Павус растянул улыбку:
— Потрясающе. Она растёт и становится властной. Что с миром станет? — он иронично прижал ладонь к груди и покачал головой, а потом, щёлкнув пальцами, пошёл куда-то задумчиво. — А тут, кажется, осталась после Фионы какая-то книжечка…
…Книга о магии и духах была такой толстой, что её не то что в руках, даже на коленях держать было тяжело. Но она не сдавалась — переворачивала страницы с видом привередливого знатока.
— Признайся, Инквизитор. Ты ведь ни одного слова и ни одной нарисованной там схемы не понимаешь, — насмешливо сказал со своего кресла Дориан. — И придумала ты всё это, только чтобы посидеть тут со мной.
Девочка насупилась.
— Не буду притворяться, будто удивлён твоему интересу: я, в конце концов, очень колоритный персонаж, но тебе, наверное, уже говорили быть со мной поосторожнее? Что-то вроде «Помни, у него на родине младенцев приносят в жертву»?
— Я не младенец, — сказала Инквизитор. — И ничего такого мне никто не говорил.

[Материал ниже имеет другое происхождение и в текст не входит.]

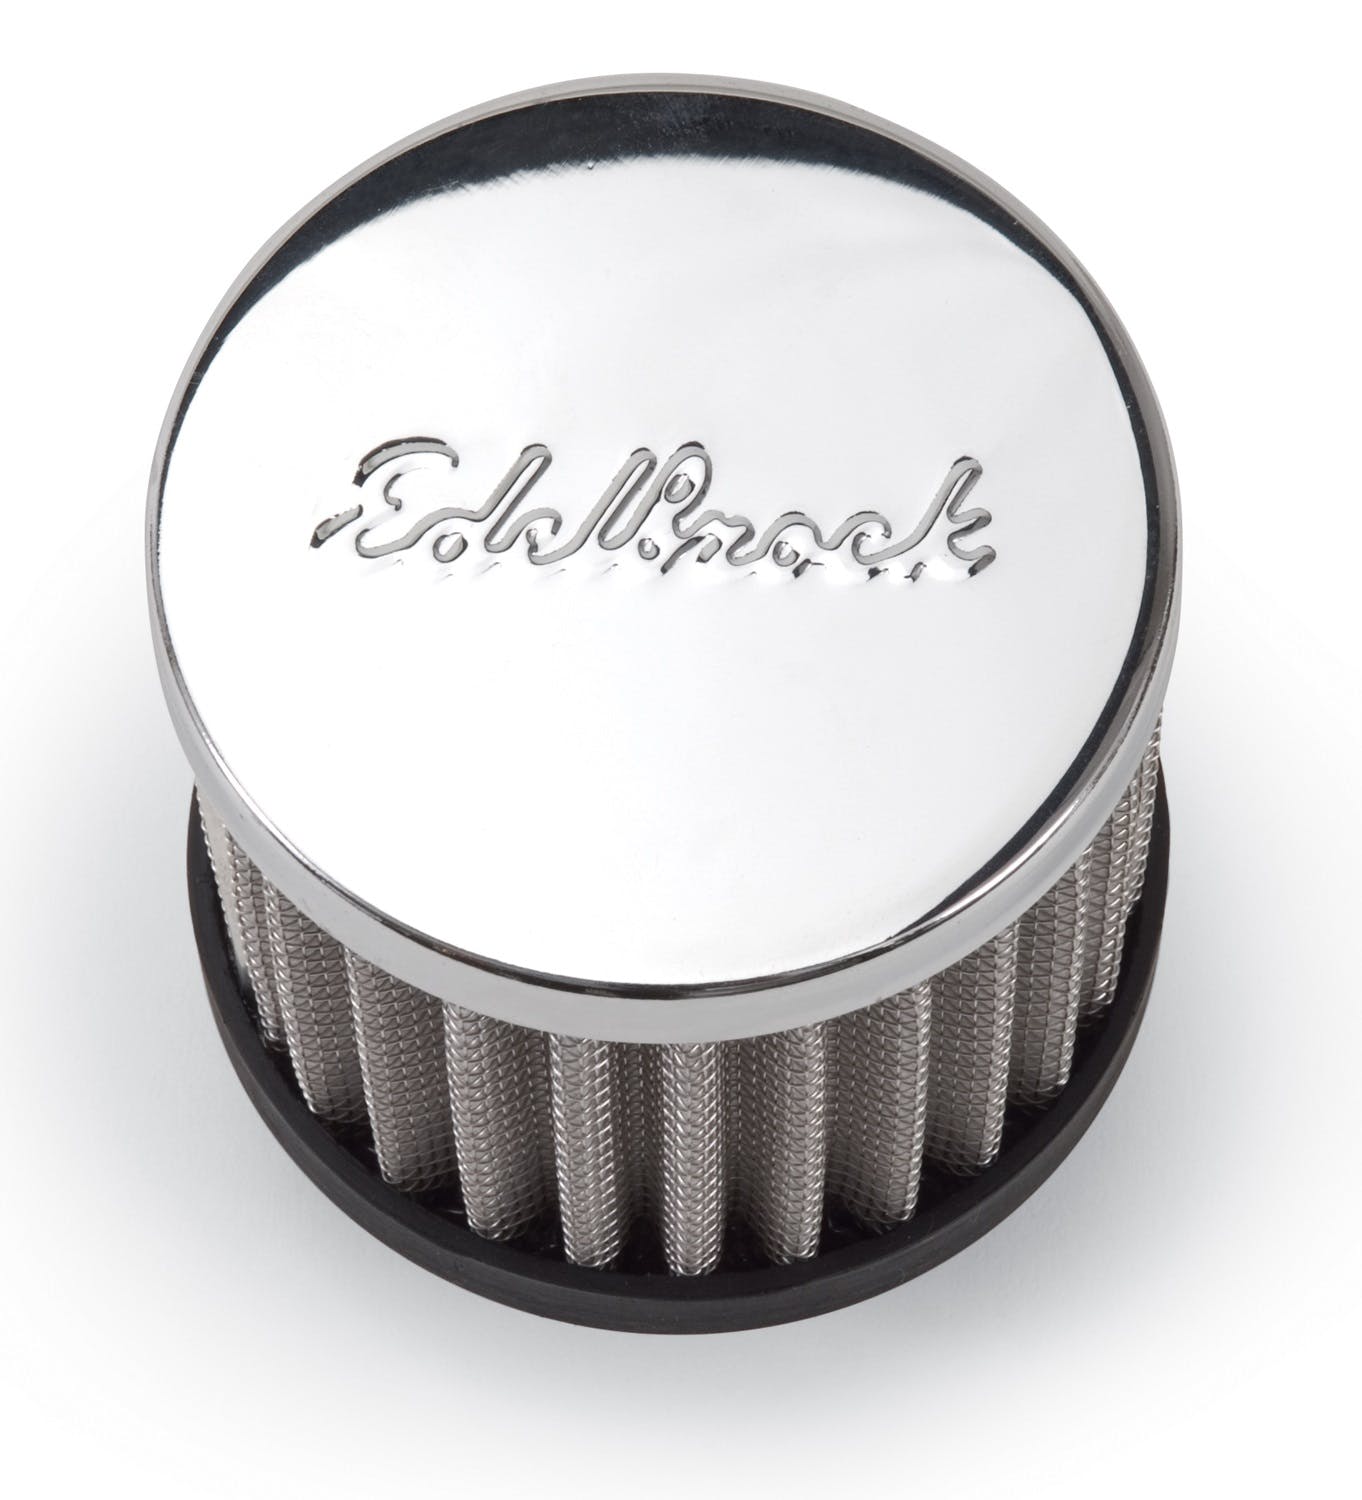 Edelbrock 4420 Circle Track Style Open Cotton Gauze Element Round Push-in Breather

— Что-о? Даже на ухо никто не шепнул, как дурно я буду на тебя влиять? Не заслуживаю доверия и вообще та ещё тёмная натура?
— Если ты тёмная натура, то почему тебя везде солнечные зайчики преследуют? — спросила Инквизитор, и он решил: дитя над ним потешается.
Но она не шутила. Из-за сверкающих щиточков на одежде блики света следовали за ним повсюду, как подданные за королём.
— Да-да. Ты хочешь дружить. Я понял. Но что прикажешь мне делать? С тобой же теперь ни бренди выпить нельзя, ни о мужчинах поговорить! — Павус говорил, и усы его заворачивались трагическими запятыми. — Ты тут сидишь, хрупкая и маленькая… А я человек широких взглядов, больших теорий, глобальности. С маленькими деталями у меня с детства не ладится: я даже колёсики своих игрушек ломал в первый же день. Терял и теряю пуговицы. И ненавижу самостоятельно чистить виноград. Выскальзывает из пальцев.
Он вздохнул, осознавая, как это, должно быть, жалко звучит.
— Понимаешь ли, Инквизитор, маленькую деталь легче всего выронить из рук.
— А вот меня ты не выронил.
Дориан моргнул.
— Я маленькая, но ты же меня удержал, — Лавеллан посмотрела в сторону перил, на которых, учёная, уже не осмеливалась виснуть.
Дориан усмехнулся, откинулся на спинку кресла — солнечные зайчики ринулись в стороны и устроились на коралловой обивке по-новому.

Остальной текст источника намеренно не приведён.